National Oceanic and Atmospheric Administration (NOAA) Physical Sciences Laboratory (PSL), University of Colorado Boulder, Cooperative Institute for Research in Environmental Sciences (CIRES), Western Water Assessment (WWA, a NOAA RISA team), U.S. Geological Survey, North Central Climate Adaptation Science Center
The Landscape Evaporative Response Index (LERI) is an experimental drought-monitoring and early warning guidance tool that measures the anomaly in the actual evapotranspiration (ETa) from the land surface. This webpage provides LERI plots based on accumulated 8-day, monthly, seasonal, growing season, and annual ETa for the contiguous United States and northern Mexico at a 1-km spatial resolution.

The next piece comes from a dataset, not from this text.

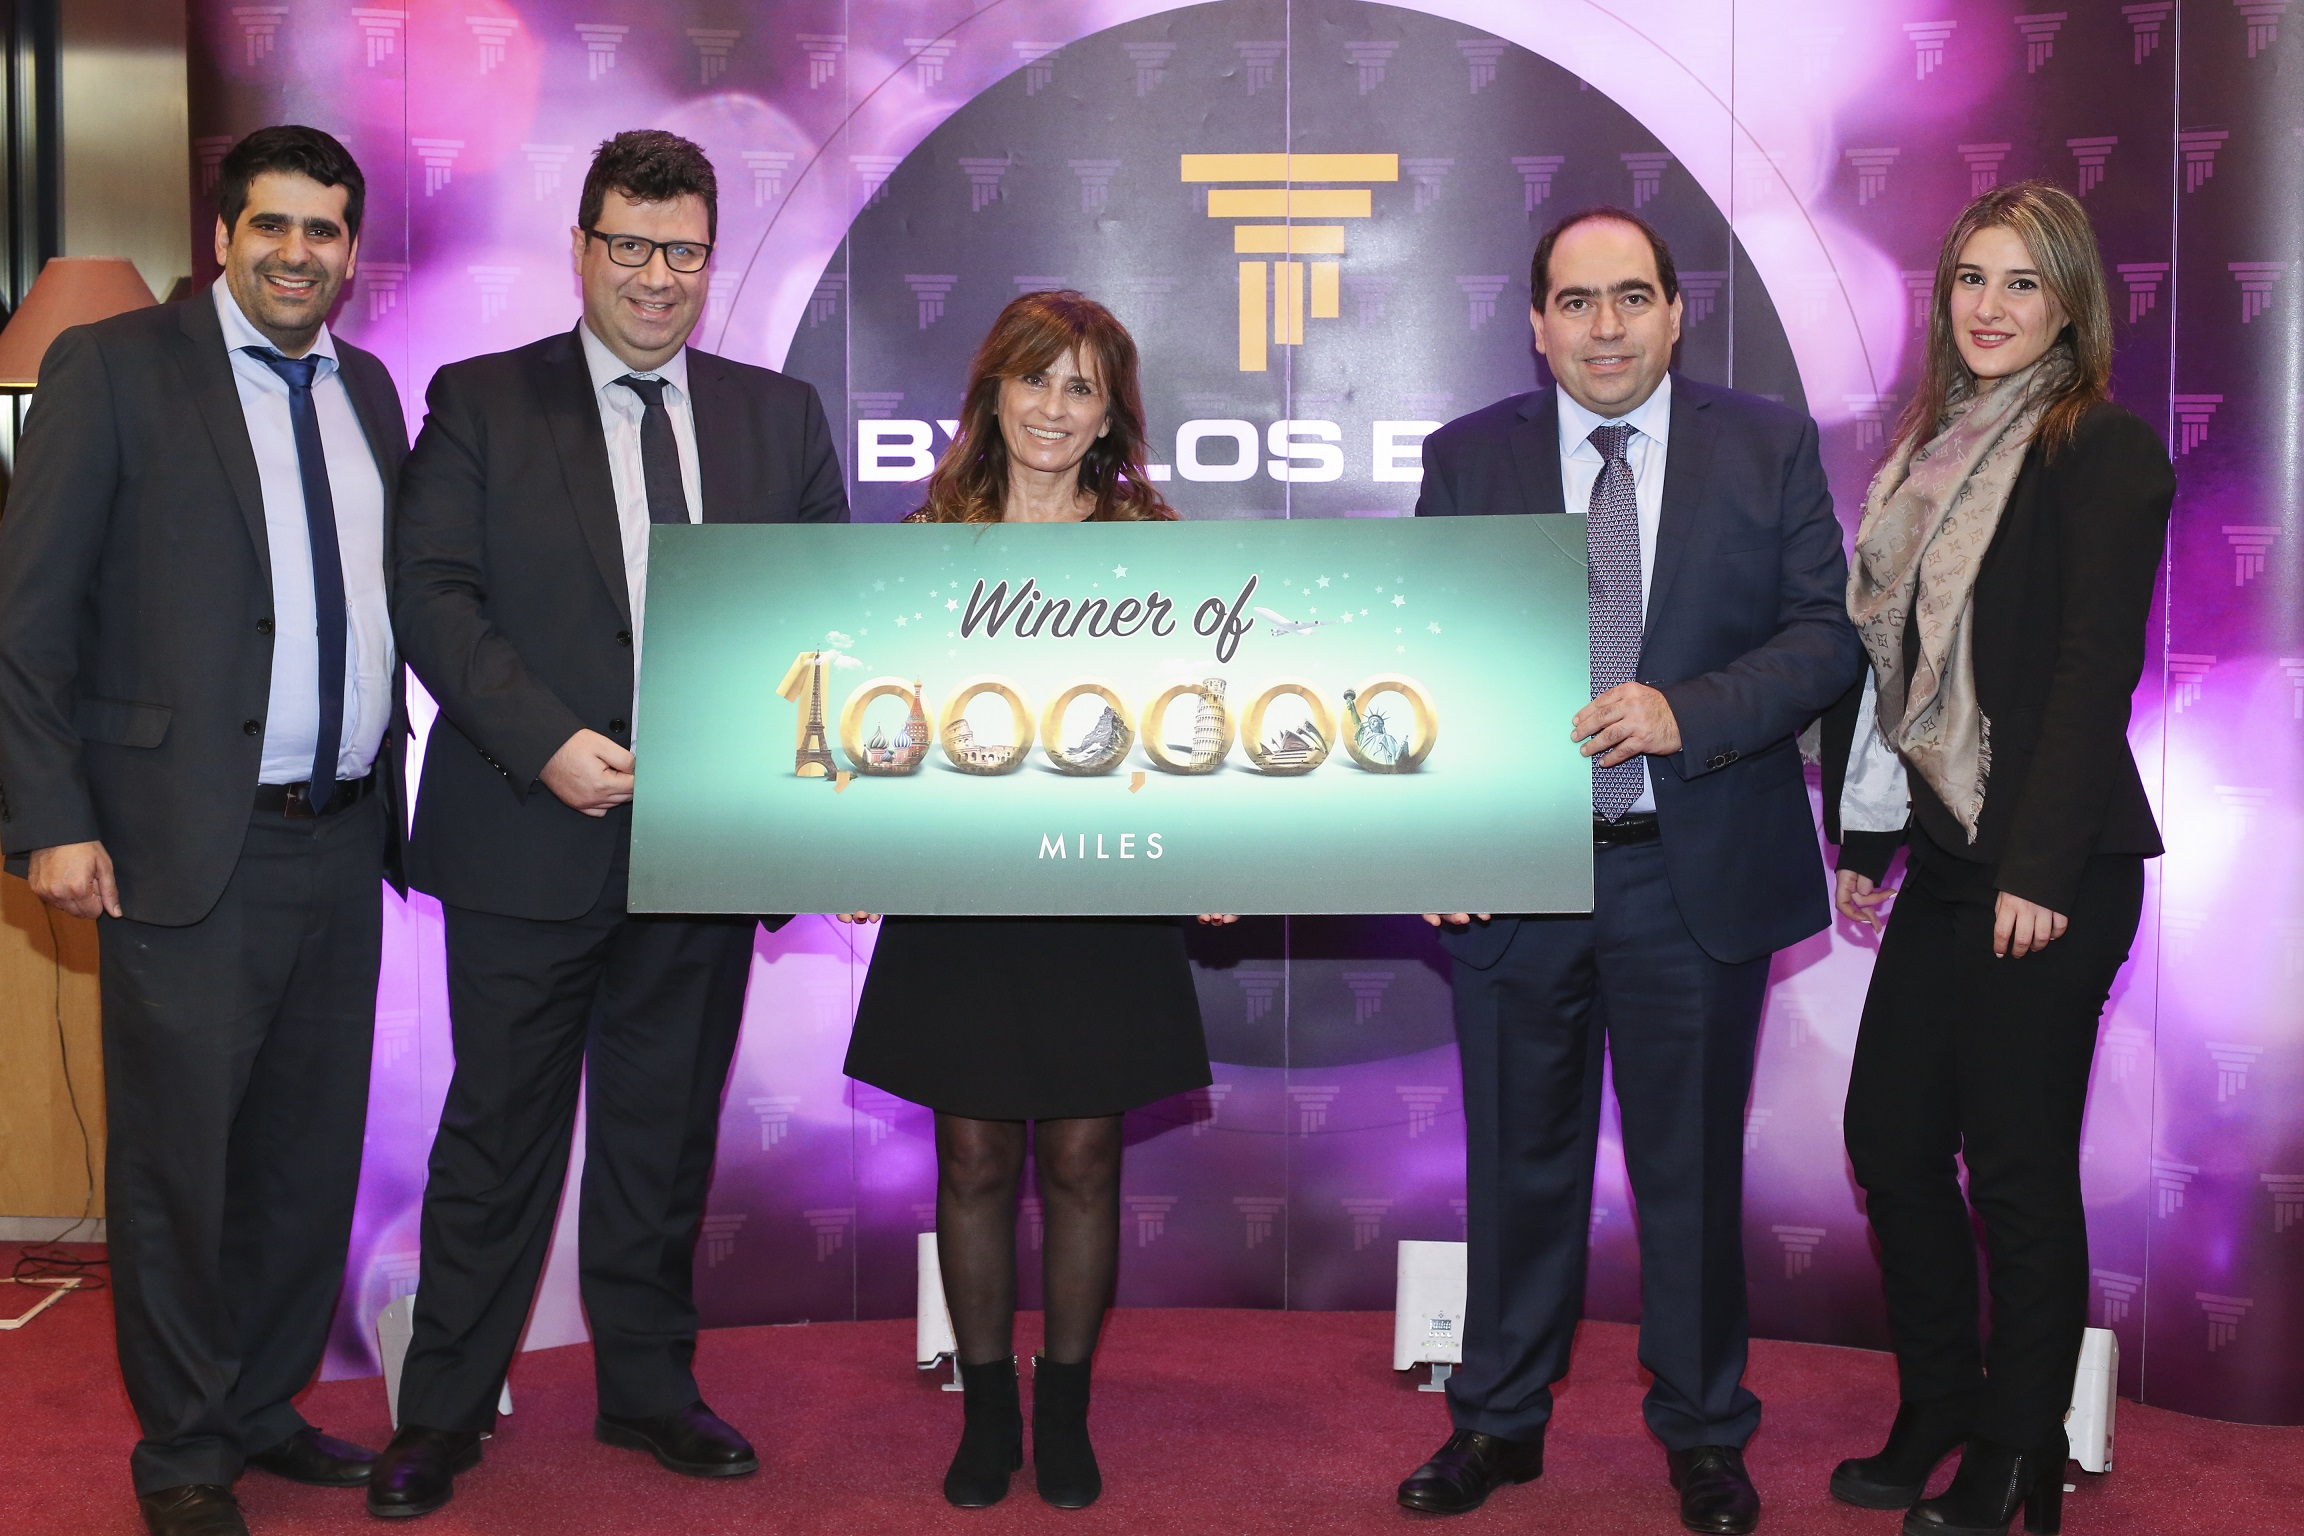 Mrs Samira Zina - 1 Million Miles - Byblos Bank

LERI data are available from January 2000 to the present — a period that corresponds to the availability of MODIS satellite data on which it depends.
ETa is the sum of transpiration from vegetation and evaporation from soil (and water bodies), and is accumulated over a given time period for a given location. The ETa data on which LERI is based are produced by the U. S. Geological Survey using the operational Simplified Surface Energy Balance (SSEBop) model (Senay et al., 2013). SSEBop combines evapotranspiration fraction (i.e., the ability of the land surface to meet the atmospheric demand for water vapor, expressed as a proportion of that demand) generated from remotely sensed MODIS thermal imagery, acquired every 8 days, with climatological atmospheric evaporative demand as represented by reference evapotranspiration derived using the Penman-Montieth formulation and driven by from University of Idaho's Gridded Surface Meteorological Data for that period.

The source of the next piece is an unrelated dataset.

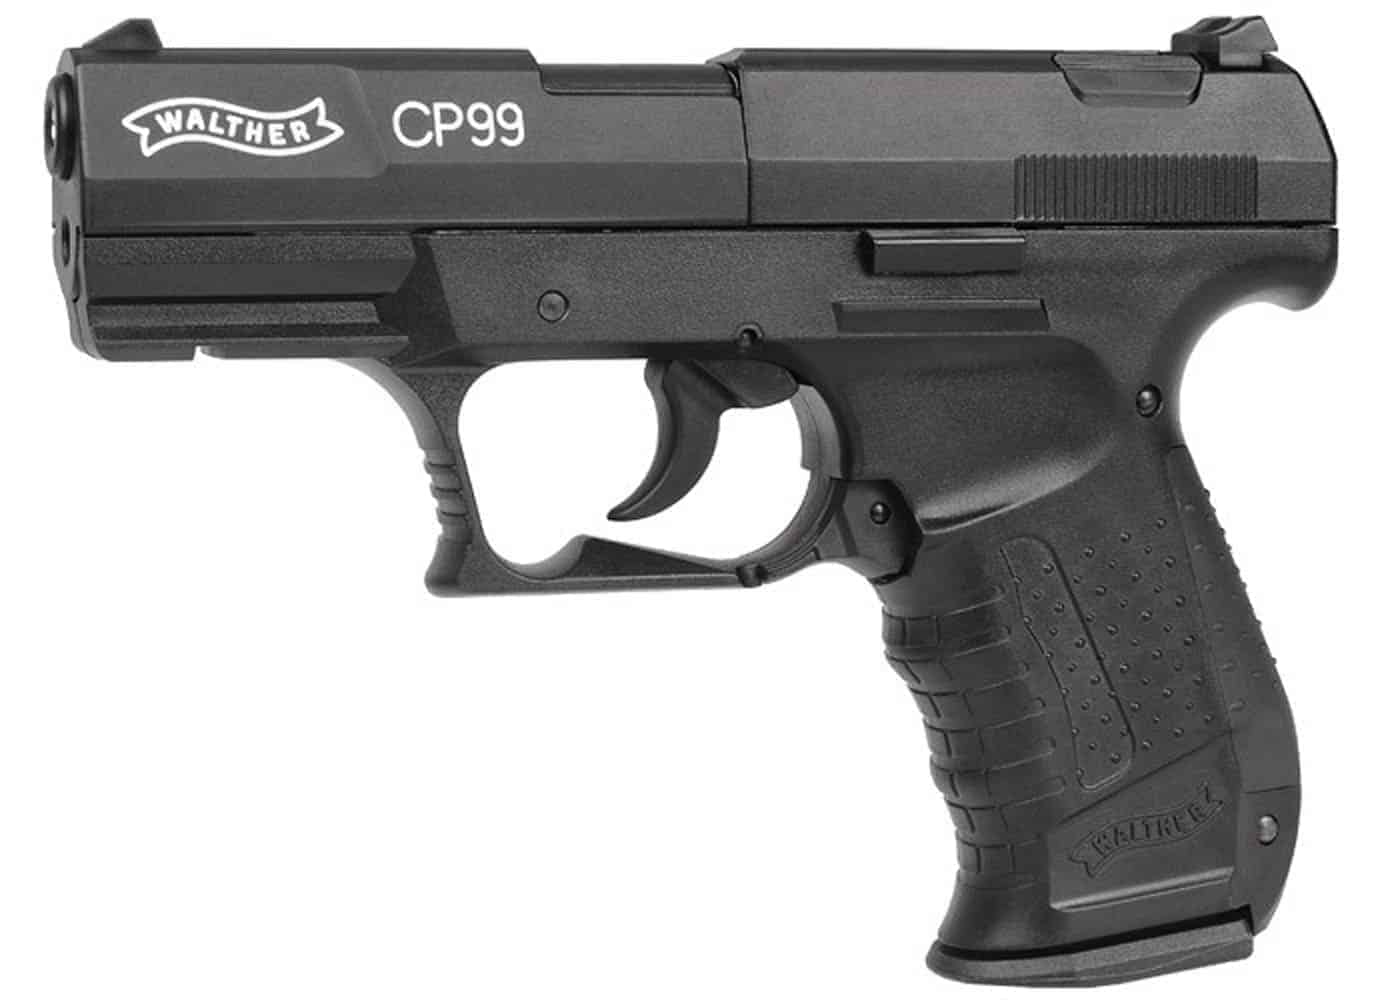 CP 99 spy pistol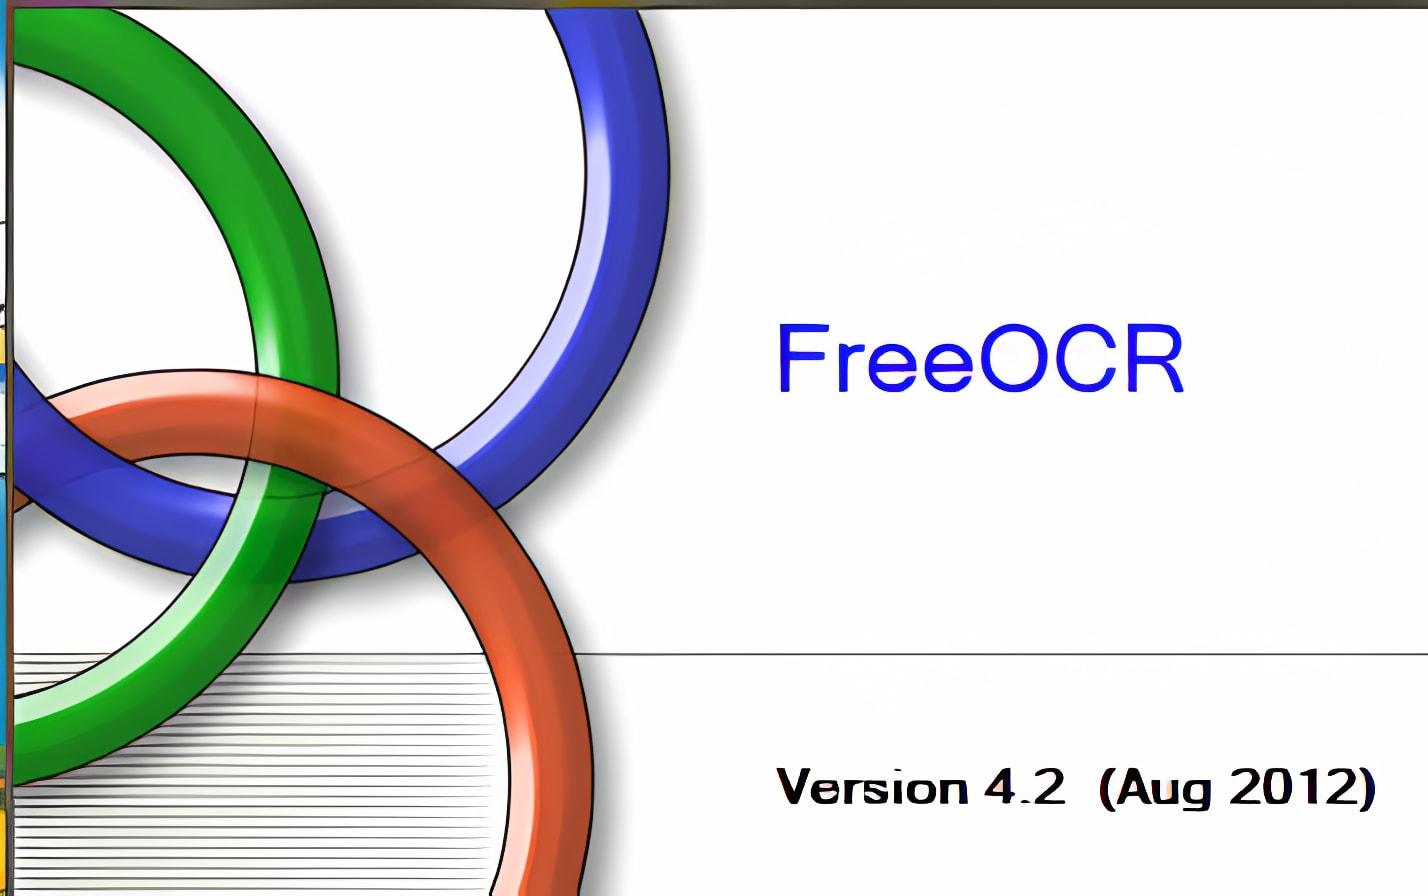 FreeOCR

LERI uses a rank-based, non-parametric (Tukey) method to estimate percentiles of the SSEBop ETa data compared to the available period of record (January 2000 to present). LERI percentiles are binned into four drought categories (LD0 - LD3) analogous to the US Drought Monitor (USDM) categories (i.e., D0 - D3) and using the same percentile breaks that USDM considers for soil moisture. LERI does not have an LD4 category (i.e., the 2nd -percentile break) because of the short period of the record.